Squirm Wrangling 101
By Jen Ubelaker
It started innocently enough with a text that read “Would you like some worms for your compost?” I replied yes and instantly thought of one of those Styrofoam cups full of nightcrawlers that you get when you go fishing. I could dump them in my compost bin and have a great addition to our pile. When I went to see my friend, she tells her husband: “Help her carry it out to the car, please?” It was only then that I realized a teeny cup of worms was not in my future. I was gifted a ginormous worm pagoda/condo thing that was already teeming with worms and compost. What a fantastic gift!
Worms are amazingly tolerant houseguests. Since we live in a climate where sub-freezing temps are possible, we put the worm bin in our basement pantry. It stays a pretty regular temperature down there, and I don’t have to worry about freezing or over-heating. You don’t need to have a fancy set-up to house worms. The worm factories run around $100 online, and have a really neat set-up, but honestly, worms aren’t house proud. You can raise a small squirm (bed, bunch, clew, clat and squirm are all names for a group of worms. I like squirm best.) in a modest plastic flat or bucket that you can often get for less than $10. Really, all you need to keep in mind is to get a container that will adequately hold the amount of scraps you have to give them, and that worms live shallow. They only need about 6 inches of depth to be happy. A plastic bucket under your kitchen sink will do them just fine.

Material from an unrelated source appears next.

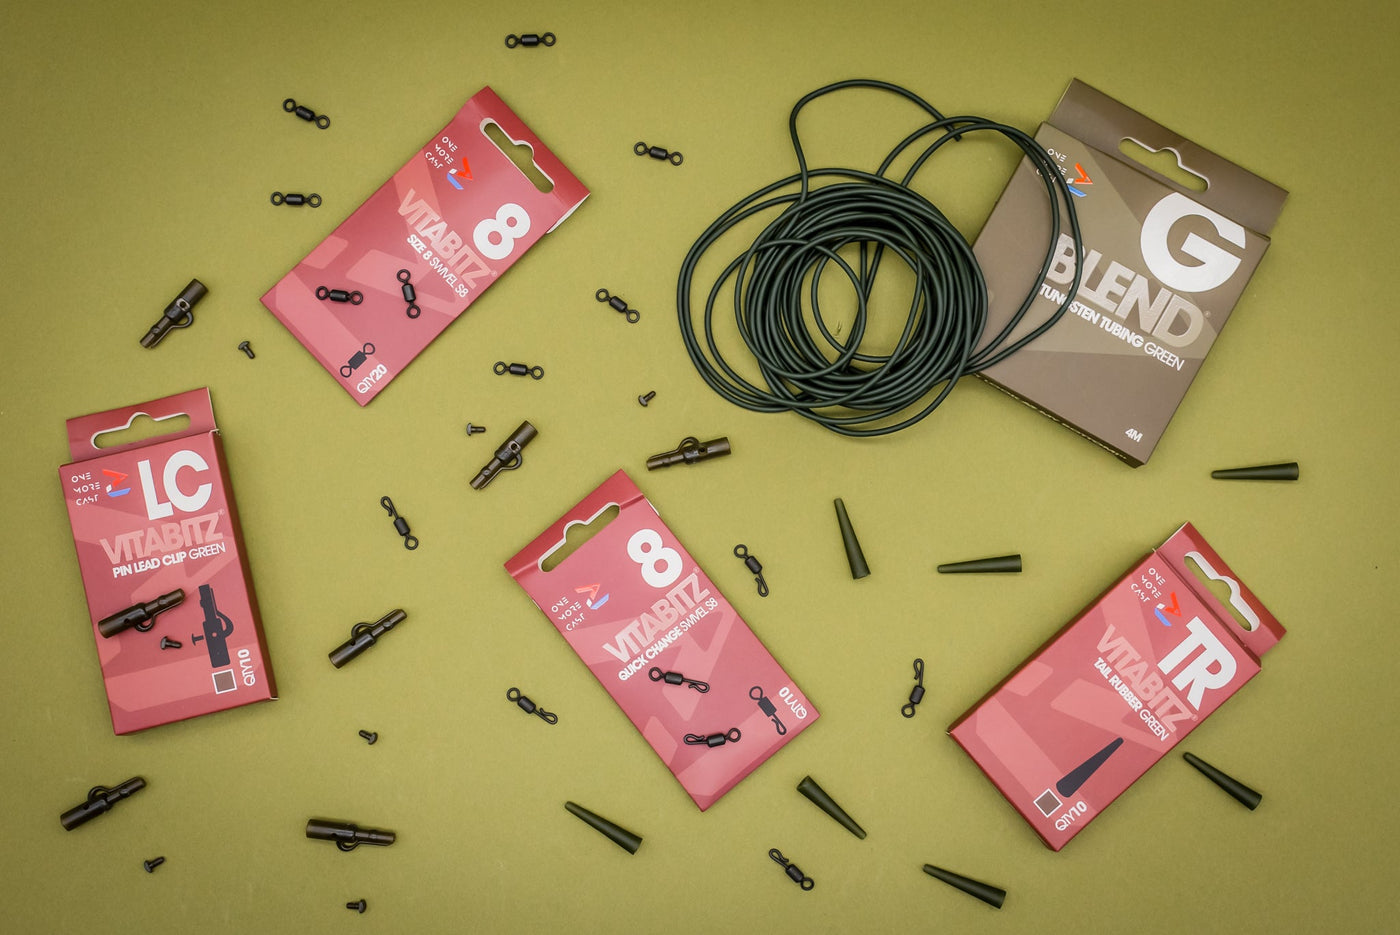 The Pin Lead Clip System Pack

Some common types of worms found in vermicomposting are Red Wigglers (Eisenia fetida) and Nightcrawlers (Eisenia hortensis). These are the beauties that are currently eating my scraps. The Wigglers are a small worm, only about 2 inches long, that like cool, moist places. The cool thing about these guys/gals (worms are hemaphroditic too!) is that they can eat up to half their body weight in food each day. They chow down.
The Nighcrawlers like warmer weather, and don’t tolerate handling as well. They take a deeper worm bed, and they tend to not like vibrations or cold weather. I have a feeling these were included in my gift because the previous owner used them for fishing. I placed the worm bin in a place that doesn’t get a lot of traffic out of respect for their needs.

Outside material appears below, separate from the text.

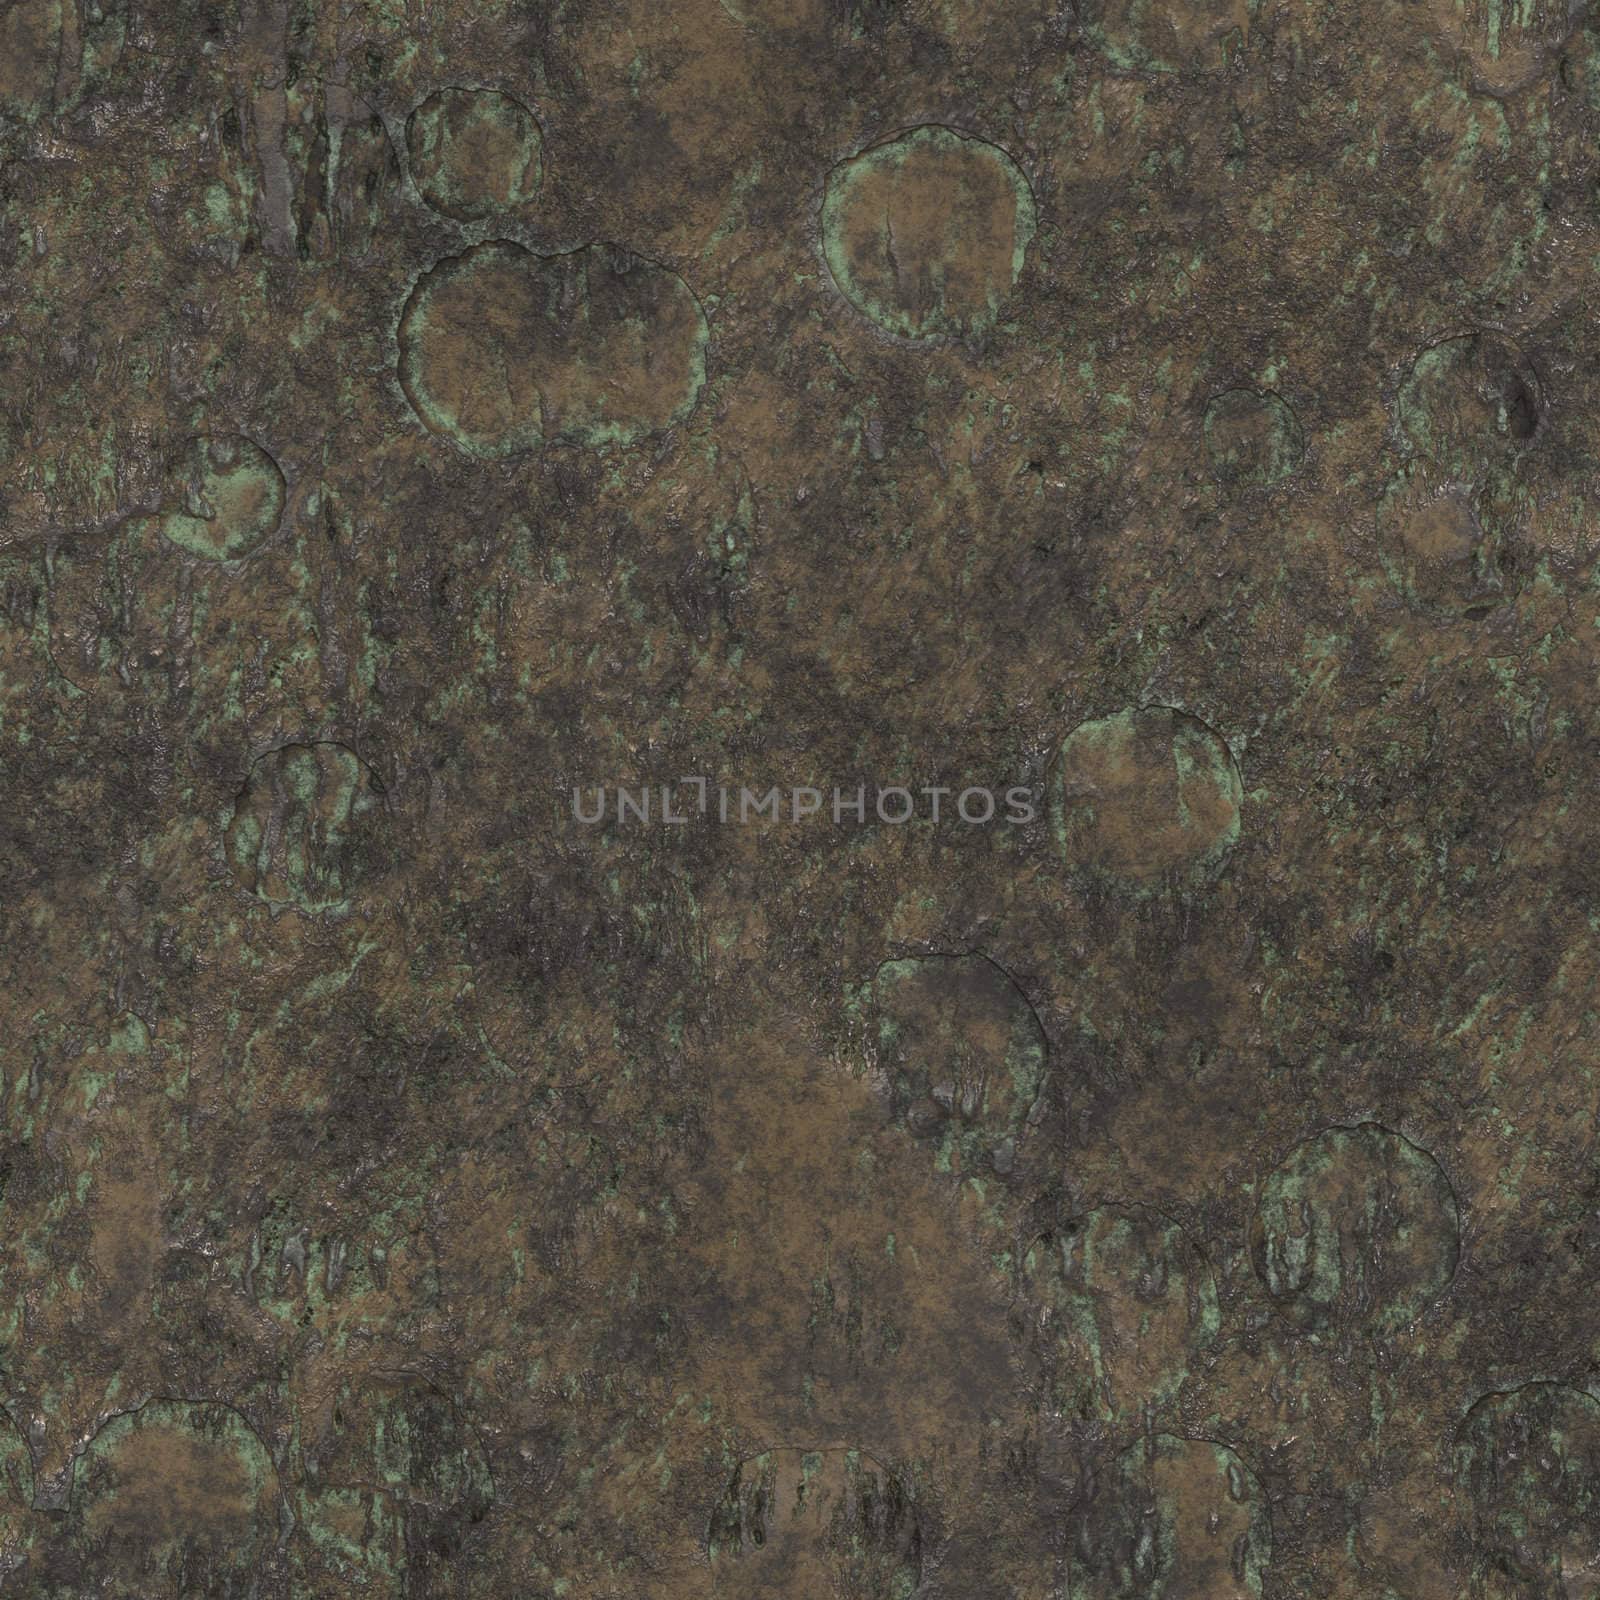 An image of a nice stone texture background

Worms have a pretty varied diet. When I got my bed as a gift, I asked the previous owner what he fed them, and he told me that he basically just shredded his junk mail and put it in the bin. They lived off of that quite happily. In my own research and experiments, I have found that worms will eat just about everything you’d put in your outdoor compost pile. Don’t feed them meats, bones or oils, but all other compostable food scraps are fair game. They are not fond of citrus, and readings will tell you that it also draws fruit flies. (Who needs them?) Readings also say to avoid onions for the odor.

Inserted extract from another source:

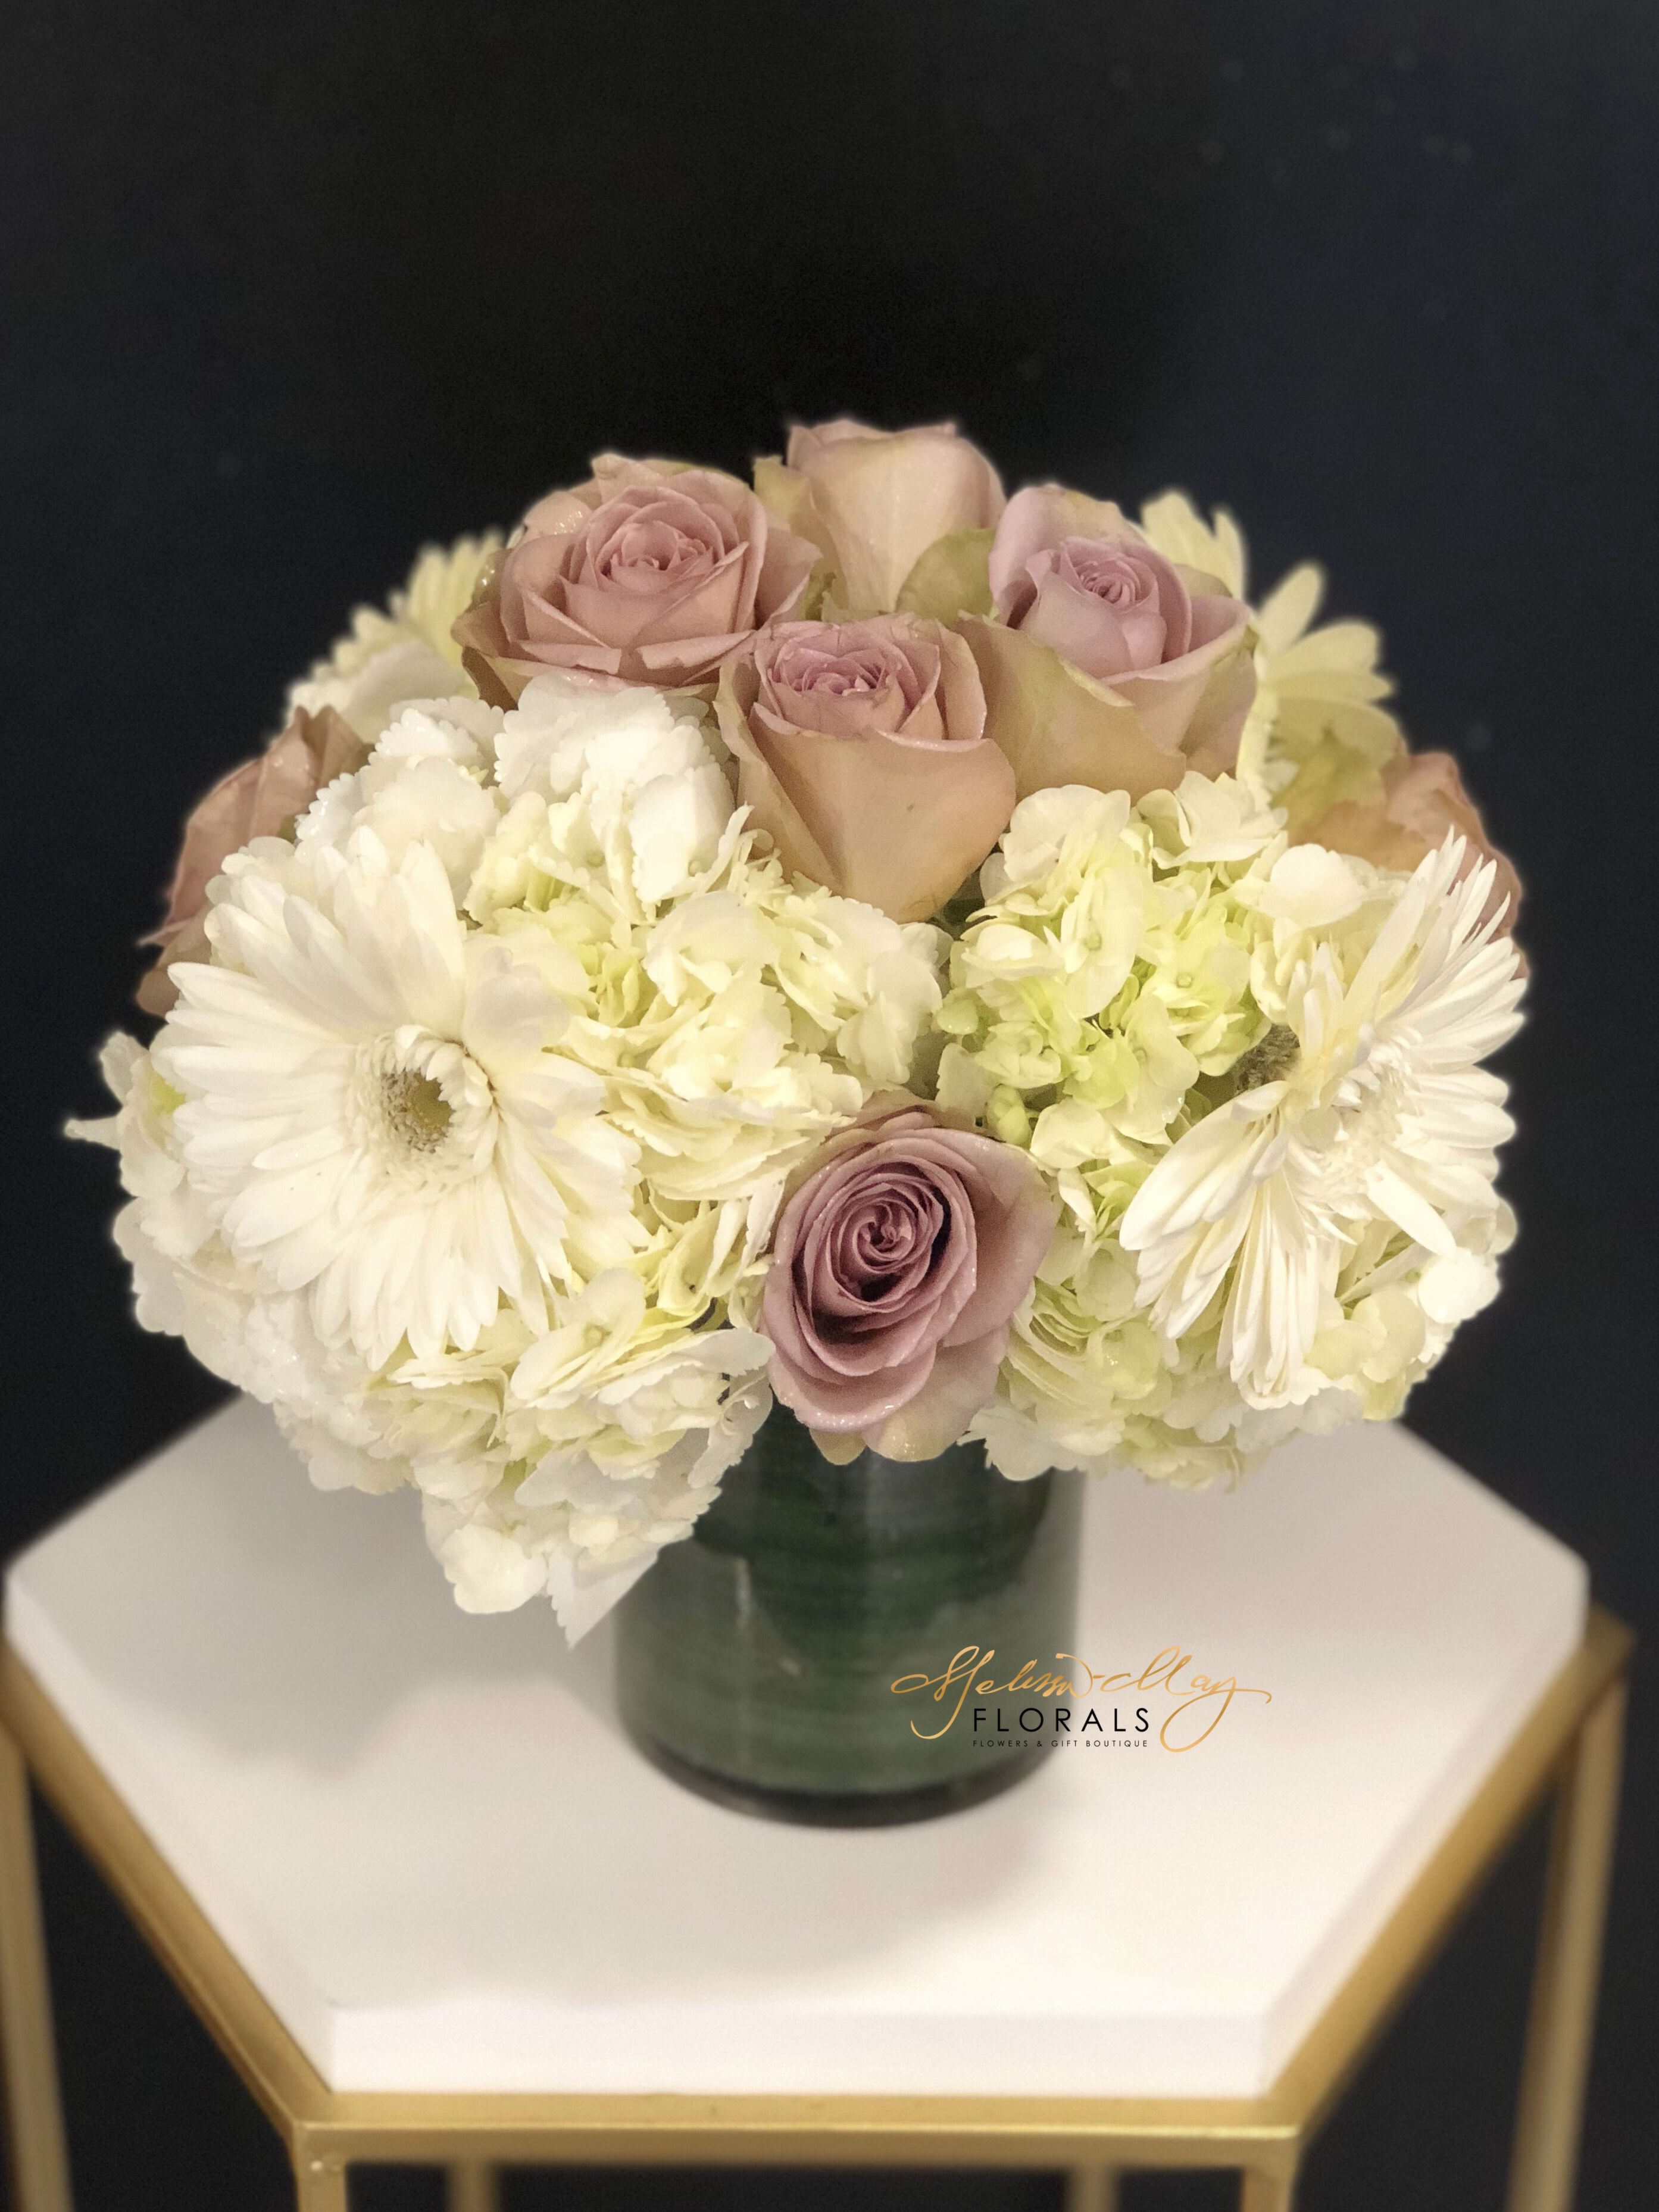 Sprinkle of Purple - A touch of purple to bring out a white arrangement. Sometimes you want an arrangement that is simple but will provide an elegance like no other. A sprinkle of purple will do just that there is white Hydrangeas and lavender roses.

In our home we have two small bowls by the kitchen sink. First, anything the dog might like goes straight into his food bowl. We have been trained.
Then the two bowls on the counter hold scraps for the chickens and the worms. Our chickens don’t like certain things, the worms aren’t picky. They eat the things that chickens aren’t fond of like green peppers, banana peels and apple cores. One small tip is to just put your potato peels in your outside compost bin. Our worms don’t eat them quickly enough to stop the eyes from sprouting and I’ve lifted the bin lid to find root tendrils. It’s more hassle than it’s worth.
Basic care for worms is very easy. A simple bedding of shredded newsprint is enough, moistened to about the consistency of a damp dish sponge. Place your food scraps in this bedding and cover with a lid to keep it dark and moist in your container. They aren’t fans of being disturbed a lot (who is?) so all I do for my squirm is go down once a week, lift the lid and poke around with a small trowel to make sure they have enough food in the bedding.
When I add new food, I tear a small piece of newsprint to cover it, and then squirt the newsprint with a spray bottle of water until it is soaked through. This gives the worms some protection as well as serving as a seal over their bedding.
When they have more castings than space available for food, you can simply take the worm bed outside and place it in direct light. The worms will travel to the bottom of their bedding and you can take castings off the top for use in your garden. I have done this once now, and used the castings in my strawberry bed.
This has been quite a journey with our squirm. We’re still learning about all the magnificent things that worms can do on a homestead. The best thing for me is that between the chickens, worms and compost pile, we have virtually no food waste. Everything goes to ‘someone’ and eventually gets back into the yard to grow more food and eggs. Just more proof you don’t have to have several acres to be more self-sufficient!